The unusual lawsuit suggests that a “deep state” was actively conspiring to block former President Donald Trump from assuming and regaining office in 2016 and 2020.
A federal judge has dismissed five former F.B.I. officials, including former agency Director James Comey and Deputy Director Andrew McCabe, from a wide-ranging lawsuit that former President Donald Trump filed against his political opponents, alleging that they conspired to instigate a “witch hunt” against him.
According to CNN, Judge Donald Middlebrook granted the Department of Justice’s request to substitute itself as a defendant for the former the F.B.I. officials.
Middlebrook consented to the replacement after government attorneys persuaded the court that Trump’s allegations relate to actions Comey and his colleagues took within the scope of their government employment.

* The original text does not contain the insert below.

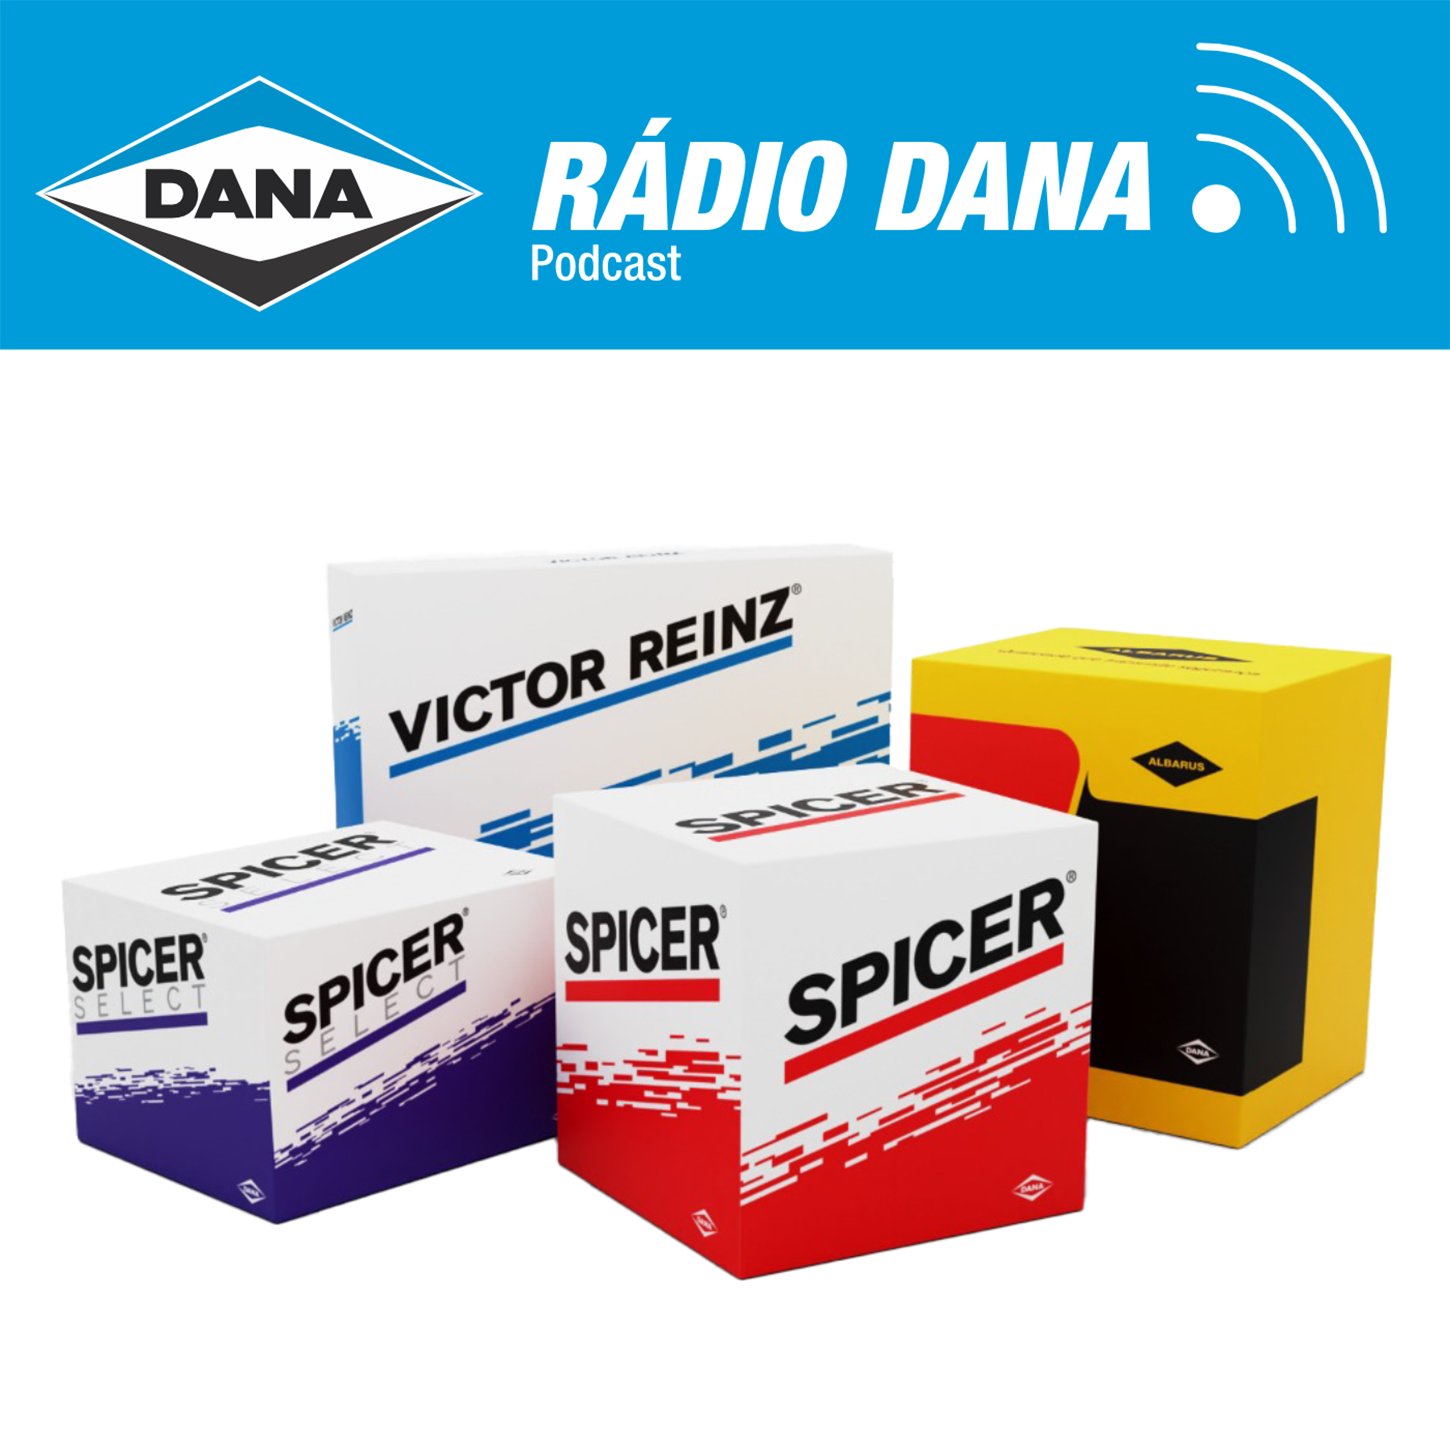 Episódio 125 - Rádio Dana - Dias Melhores pra Sempre!

CNN notes that court’s consent could prove a fatal blow to Trump’s unusual lawsuit, which some legal experts have panned as a blatant political stunt that serves more to caress the former president’s fragile ego than fulfill any legitimate judicial purpose.
In addition to Comey and James, Middlebrook also dismissed as defendants former F.B.I. counter-intelligence official Peter Strzok, former F.B.I. attorneys Lisa Page, and former F.B.I. legal counsel Kevin Clinesmith.
Clinesmith, adds CNN, had earlier pleaded guilty to an allegation that he altered an official document used in the F.B.I.’s investigation into possible collusion between the Trump election campaign and the Russian government.
However, Middlebrook did not rule on the Justice Department’s motion to dismiss the lawsuit in its entirety, or similar requests made by an additional 20 individual defendants.
As LegalReader.com reported earlier this year, former President Donald Trump filed his sprawling lawsuit in March, naming high-profile Democrats and political opponents, including Hillary Clinton, members of her 2016 election campaign, and an author.
The lawsuit reiterates many of Trump’s baseless conspiracy theories, including the suggestion that a “deep state” conspired to frame him for collusion in 2016.
AboveTheLaw.com notes that Middlebrook also rejected Trump’s later motion to postpone a trial until November of 2023, citing the need to reappraise potential defendants.
In his response to Trump’s motion, Middlebrook appeared critical of Trump’s litigation.
“These representations are vague, and do not constitute good cause for an extension,” Middlebrook said. “Plaintiff fails to offer any specific details about the discovery he anticipates needing or why he will be unable to obtain that discovery before the trial date that I have set.”
Trump, adds The Hill, did not immediately respond to a request for comment on the latest development.
The Hill states that former Attorney General William Barr appointed a special counsel—John Durham—to investigate the origins of the F.B.I.’s probe into the Trump campaign’s alleged collusion.
While Durham indicted several individuals, he was able to collect or demonstrate any compelling evidence that there was a wide-ranging or significant conspiracy by the “deep state” to hinder the political ambitions of Trump, a historically unpopular president who lost the popular vote in both 2016 and 2020.